━━━━━ GIVEN MATERIAL ━━━━━
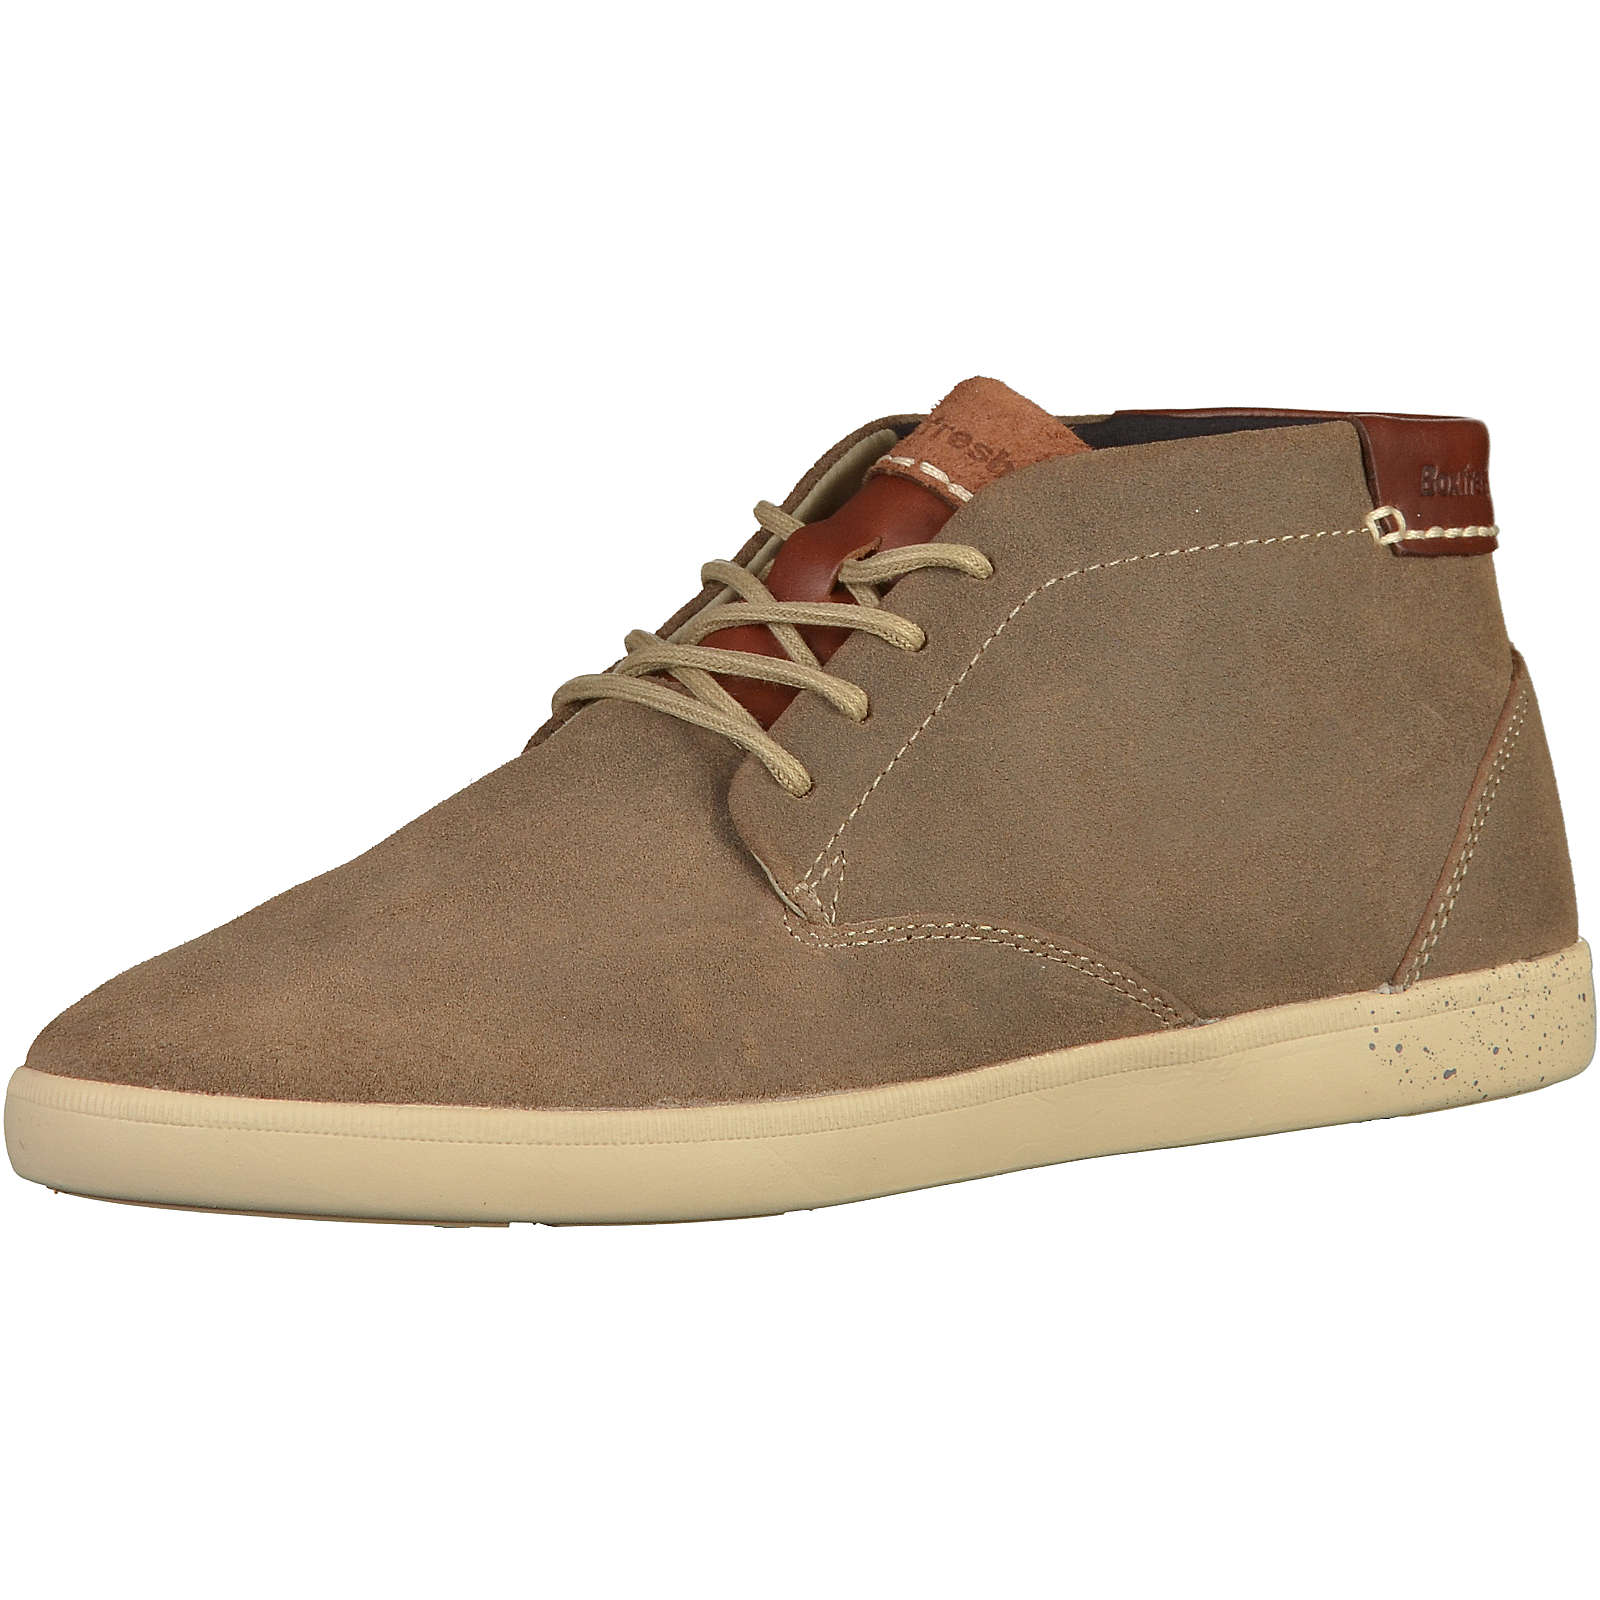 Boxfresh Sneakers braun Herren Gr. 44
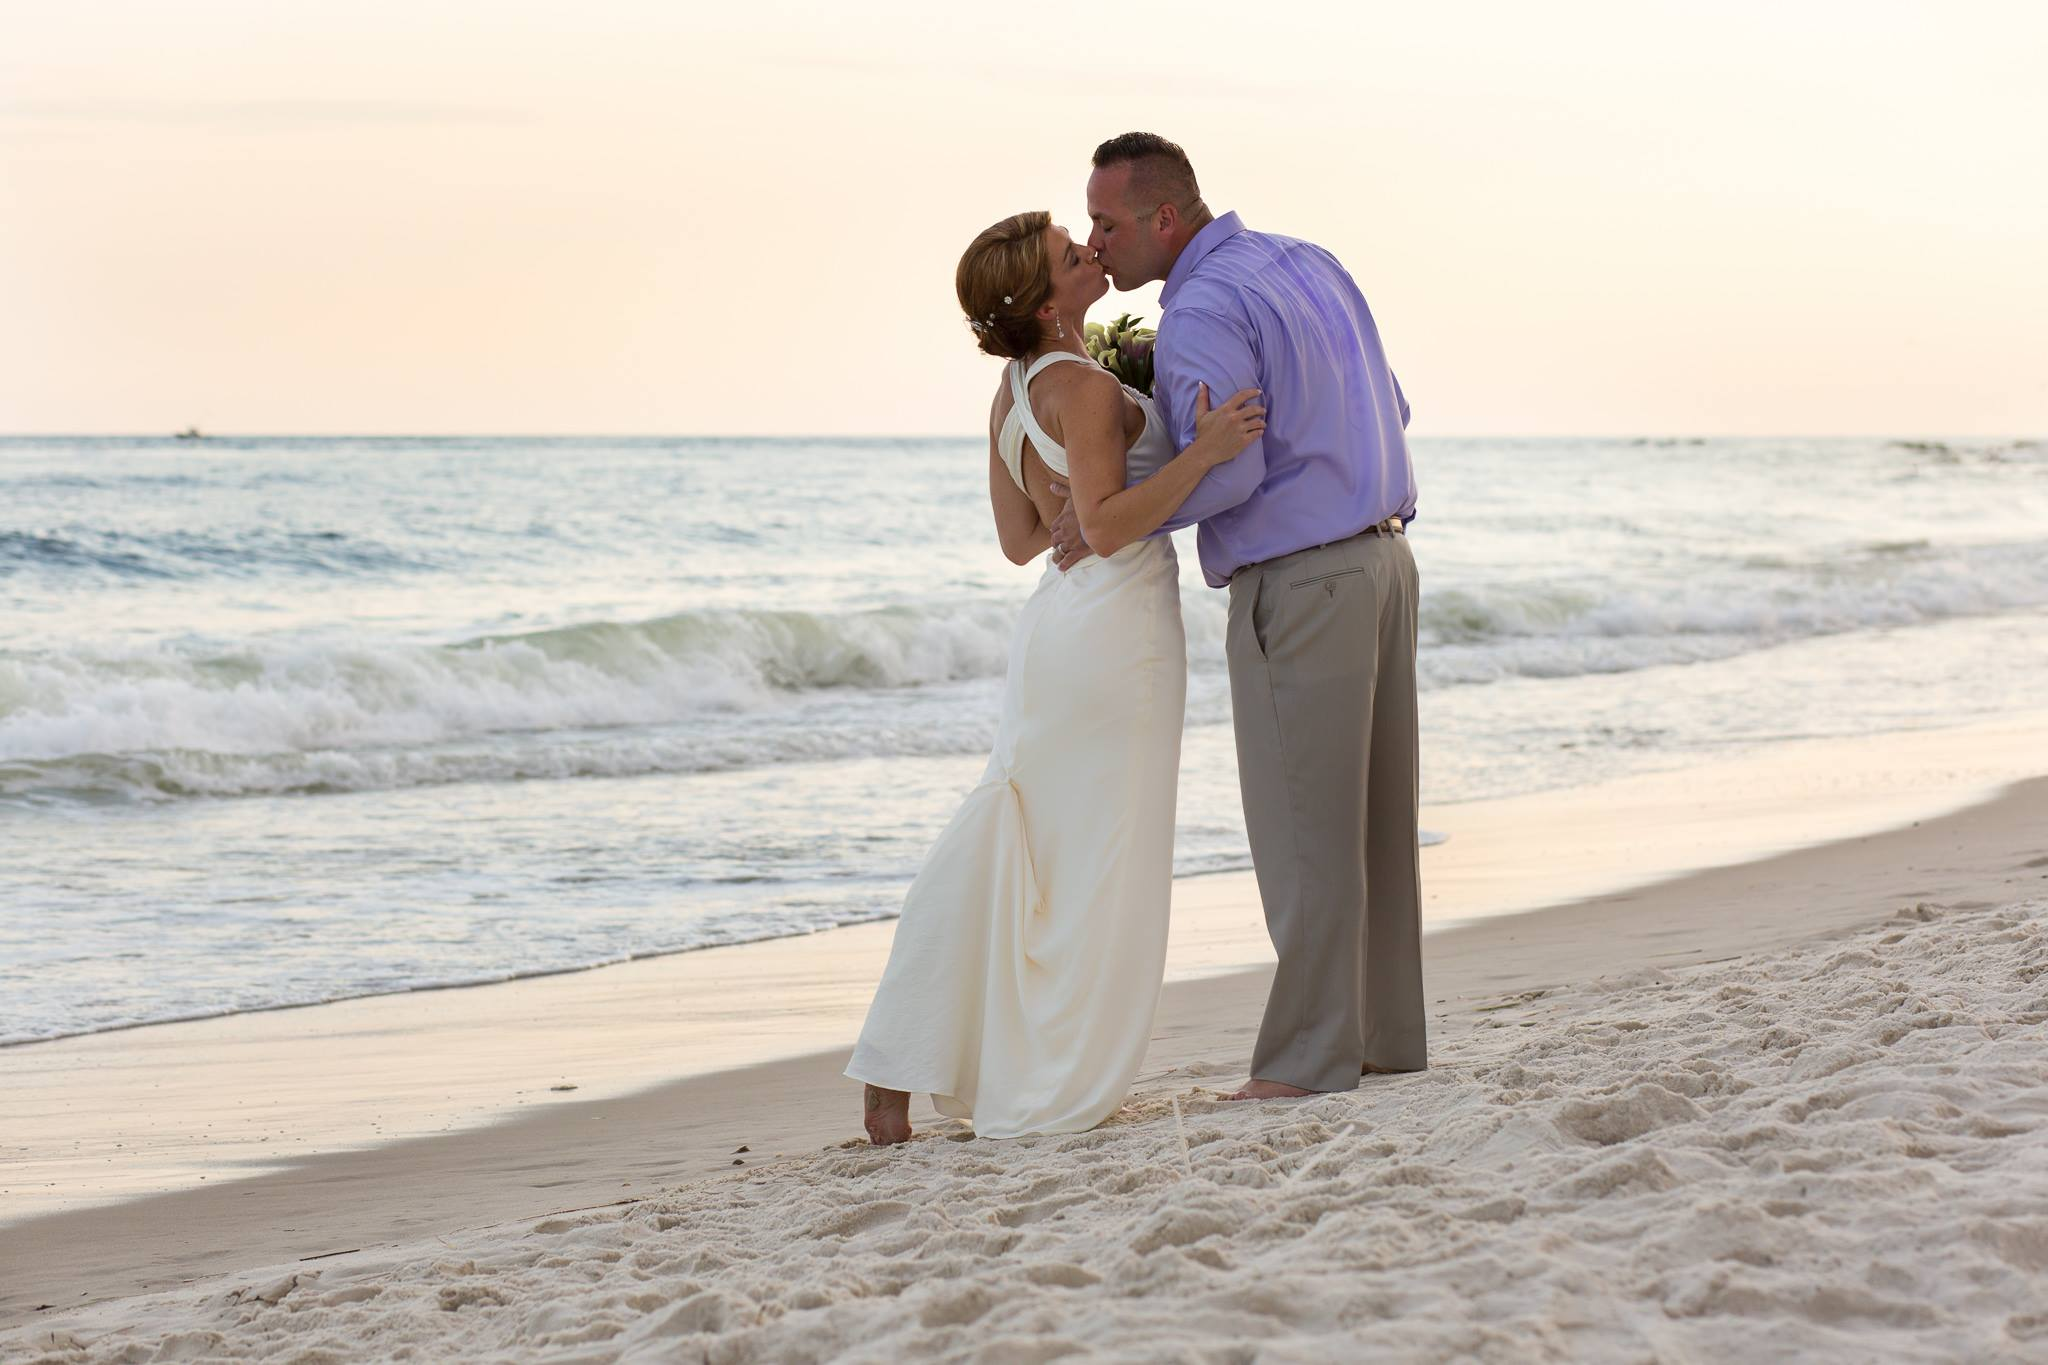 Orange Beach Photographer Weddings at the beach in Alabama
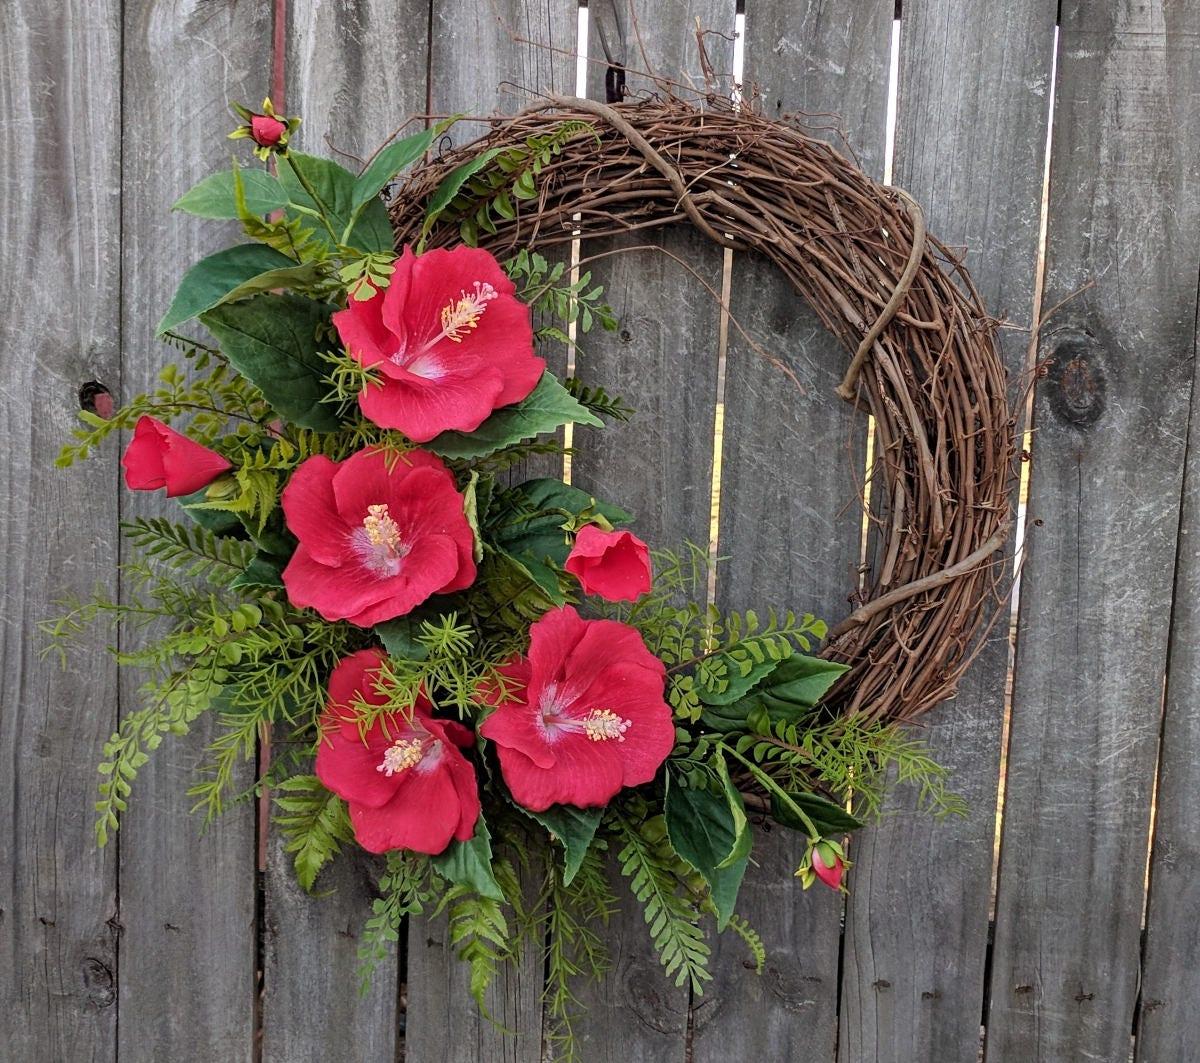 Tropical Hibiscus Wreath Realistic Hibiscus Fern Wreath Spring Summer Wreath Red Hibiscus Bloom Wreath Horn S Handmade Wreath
━━━━━
→ HOW TO COMPLETE THIS TASK: The line with "Orange Beach Photographer" and each line after it, through the final line of the data, are to be duplicated exactly, with pictures left out and nothing more included.

→ OUTPUT:
 Orange Beach Photographer Weddings at the beach in Alabama
 Tropical Hibiscus Wreath Realistic Hibiscus Fern Wreath Spring Summer Wreath Red Hibiscus Bloom Wreath Horn S Handmade Wreath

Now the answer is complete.